# C31-700 mini client randomly won't turn on properly



## Tom Servo (Mar 7, 2007)

I seem to have a rather annoying issue with my Genie mini bedroom client. At random, it won't turn on properly. As in, it powers on and the power+network lights come on, but I can't get a picture on the TV. Just "no signal" from the TV itself. The client responds to exactly one remote button press (the DirecTV logo flashes briefly) then after that it's completely locked up.

When I hit the red button to reset it, it will come on, go through all the setup and initialization checks on screen, then eventually go back its locked up, non-functioning state.

The only way to fix it that I've found so far is to go to the master Genie box and give it a red button reboot. The main box functions as it normally does, but says there are no remote clients. It won't find any clients when I try to update the settings.

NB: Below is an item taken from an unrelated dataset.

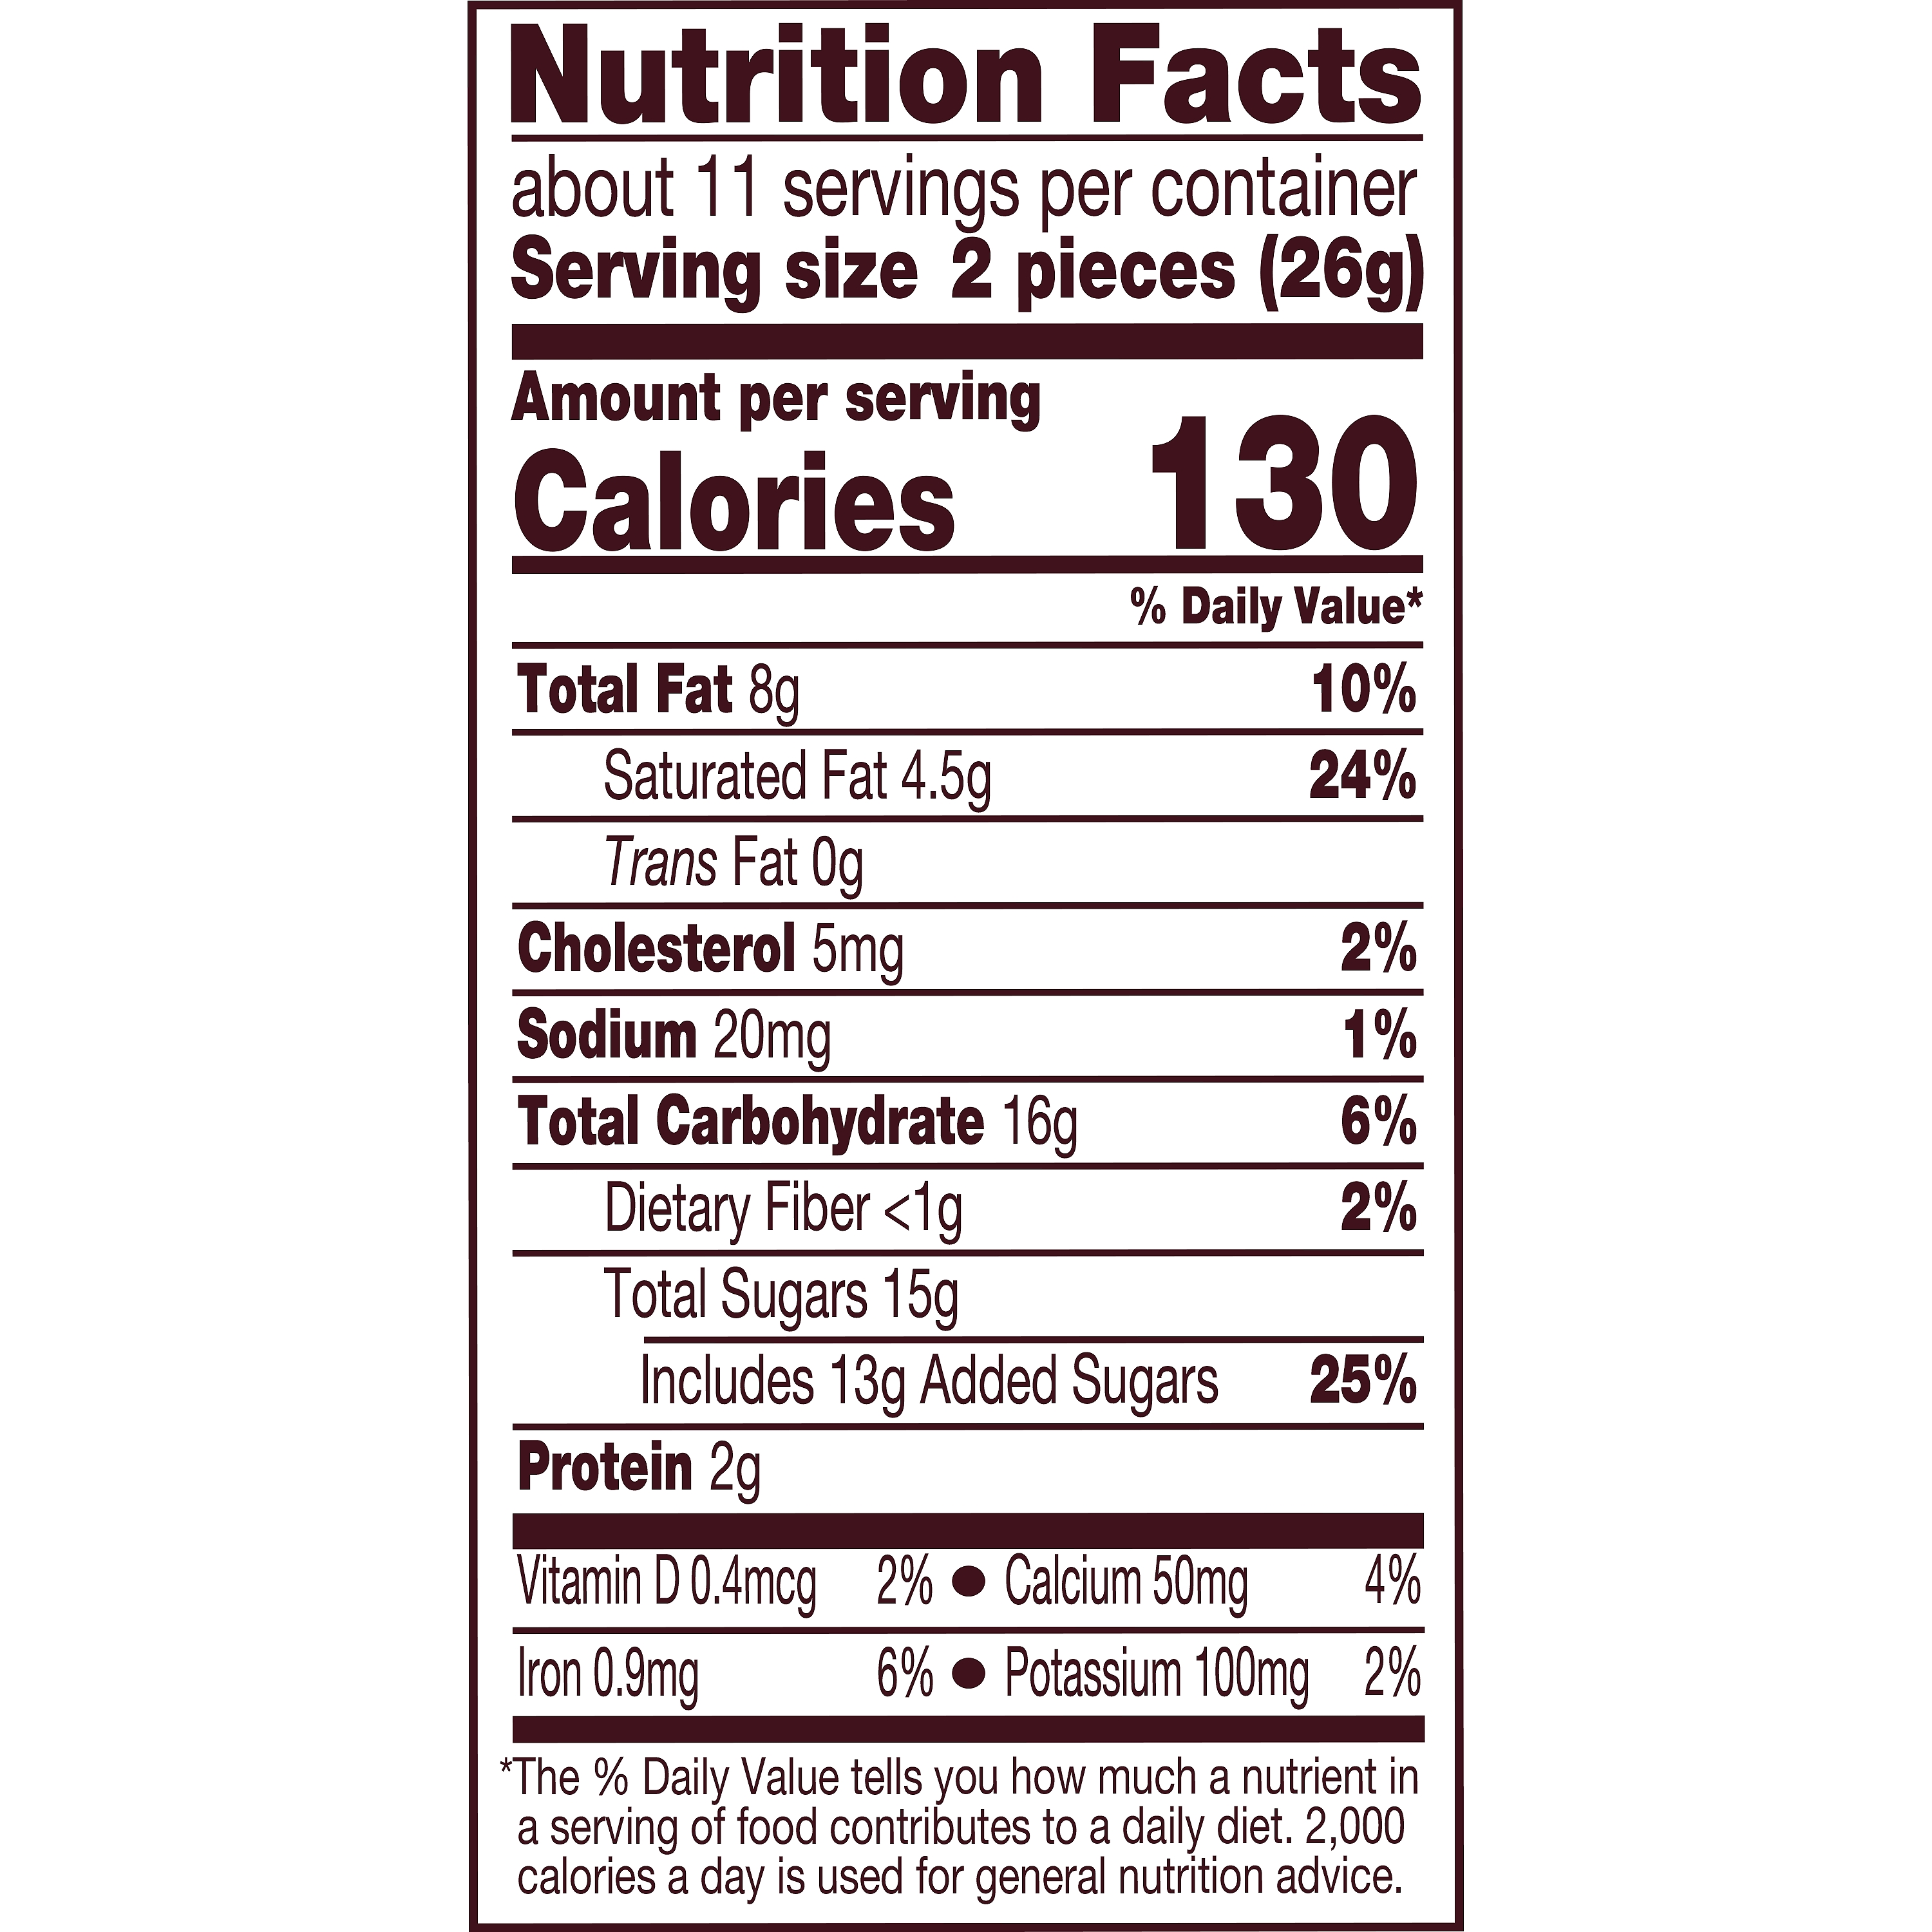 HERSHEY'S Milk Chocolate Snack Size Candy Bars, 10.35 oz bag

It sounds like the client box is defective but the fix is on the server side. Has any one else come across this, and is there a simpler fix than resetting everything? The RBR is not really an option if something is recording on the server, so it means there may be several hours of waiting before I can watch stuff on the client again. It's very annoying and naturally only seems to happen when I REALLY need to watch something else in the bedroom while the other box is in use_!_

Any advice would be greatly appreciated.


----------



## Bill Milford (Dec 17, 2006)

I have the exact same problem. Running current national release.


----------



## jimmie57 (Jun 26, 2010)

Have you tried using the TV remote and change the Input / Source and go back to where it is supposed to be and force a new HDMI Handshake ?


----------



## DB Stalker (Aug 22, 2013)

If its a handshake issue then you might be able to resolve it with a firmware update to your TV.
Otherwise, switching to component cable is your other option.
That is, of course if it IS a handshake issue.


----------



## Tom Servo (Mar 7, 2007)

Have you tried using the TV remote and change the Input / Source and go back to where it is supposed to be and force a new HDMI Handshake ?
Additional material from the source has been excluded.